| 研究概要 |
・SF DowdyとMaterial Transfer Agreementを交わし、日本でのtat-e1aプラスミドおよびTAT-E1A proteinの使用許可を得た。
・Tat-e1aプラスミド含有E.coliから、TAT-E1A proteinを10回pulificationし、Laemmli試料溶液に溶解させ、12.5%ゲルを支持体としたトリス-グリシン系SDS-PAGEを行い、CBB染色を施し泳動パターンを観察したところ、9回分の産物から目的となる分子量をもった単一バンドを得た。なお、これら9回分の産物はそれぞれ約1mLずつ得られている。

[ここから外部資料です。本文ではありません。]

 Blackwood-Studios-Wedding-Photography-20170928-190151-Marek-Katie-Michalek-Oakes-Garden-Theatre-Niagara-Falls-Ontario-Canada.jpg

・L GuelenらがTAT-proteinを用いた実験を発表(Oncogene23(5),1153-1165,2004)しており,その中で使用されたTAT-GFPが本研究でも有用なコントロールとなりうるので,tat-gfpプラスミド含有E.coliを譲渡してもらった。現在、TAT-GFP proteinをpulification中である。
・癌細胞株SCCVIIは、RPMI-1640で培養したが、FBSは14%濃度必要であった。SCCVIIのgrowth curveを描き、PDTを計算したところ、0.83日であった。現在、in vivo workに備え、大量培養が済み、凍結保存状態にある。

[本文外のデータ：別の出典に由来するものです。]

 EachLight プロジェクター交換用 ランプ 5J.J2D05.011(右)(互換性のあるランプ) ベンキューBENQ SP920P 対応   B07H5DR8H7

・本in vivo実験は、SCAW分類・カテゴリーDに相当するので、動物実験計画書を作製、実験許可を申請中であり、現在、実験許可(承認)を待っている。
・今後行う予定であるWestern blotting、免疫組織化学的染色に備え、抗E1A抗体を用いてDot blottingを行った。ECLによる抗原濃度は、約0.1μg/mLが検出限界であることが判明した。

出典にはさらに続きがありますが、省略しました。